A tank or pillbox can be "taken out" because it's not that capable of movement (we're assuming the tank isn't in an open field, because you're just stuffed). That's obviously not an equivalent situation. IRL, if you're armed with a sword, you can't just ignore another guy with a sword and go chase whoever you want. 5E doesn't have mechanics for that, though. No flanking, no firing into melee penalty, at most one AoO/turn, etc.
In reality, if you ignored a bunch of men with swords to try and chase down a wizard, you'd die with a bunch of swords in your back (or even just one). And indeed, anyone who has played a videogame that leans a bit more realistic absolutely knows this.
It's an absolutely unrealistic thing D&D does, that 5E makes far more extreme and obvious by removing all barriers to it and putting in "bag of HP" enemies that kind of require it. On some levels that might be smart - leaning in to a characteristic the game has - but trying to pretend it's realistic and putting in laughable 20th World War examples instead of medieval examples or fantasy examples is just unhelpful to understanding the issue, like it or loathe it.
In D&D, people focus fire on the rough equivalent of the tank while usually initially ignoring the infantry.
It's not about being realistic, it's about feeling artificial if you use rules to discourage that. And I find it very helpful to understanding the issue even if you do not.

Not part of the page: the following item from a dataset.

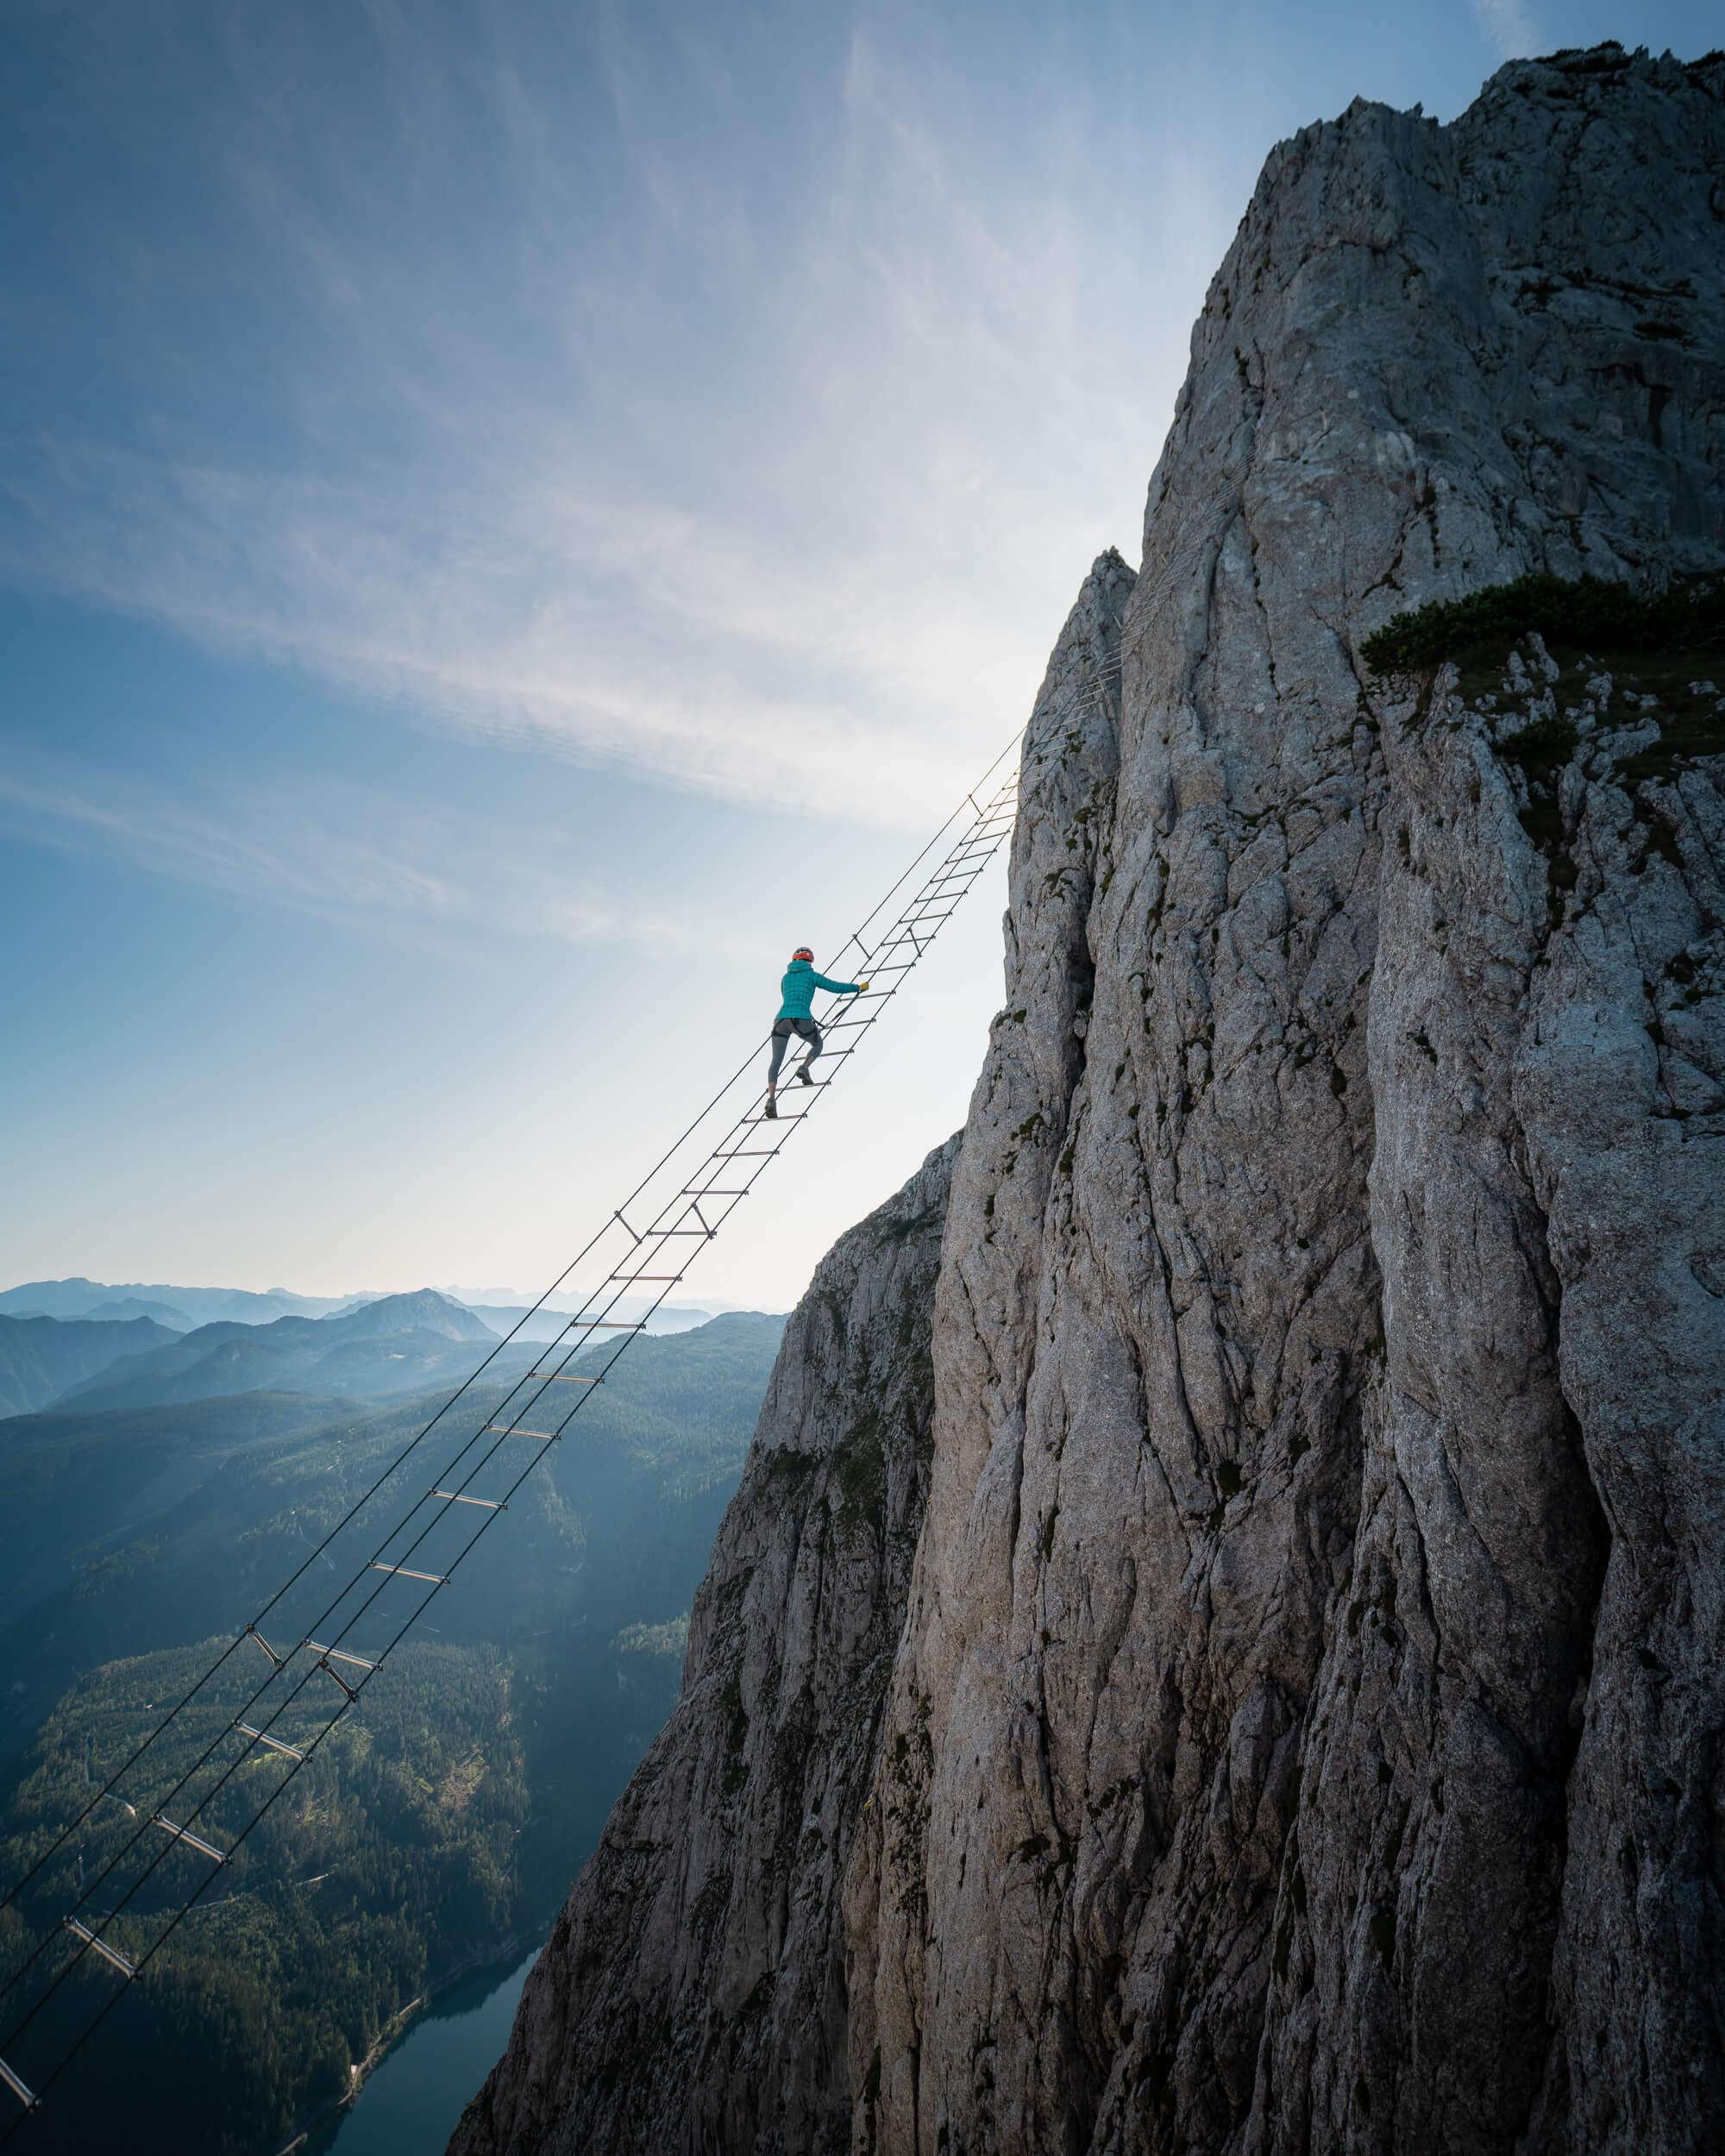 Sky Ladder via ferrata Austria

It's also why I didn't much like "encounter" abilities as opposed to abilities which regenerate on a rest of some kind. It felt artificial. I don't like how they established rests in 5e, but I like the concept that time and rest are associated with recovering your endurance to do something strenuous again. I've always been fond of changing "recovering on short rest" to "you can do it a second time without a rest but it gives you a level of exhaustion" in addition to "recovering on short rest". That would feel less artificial to me.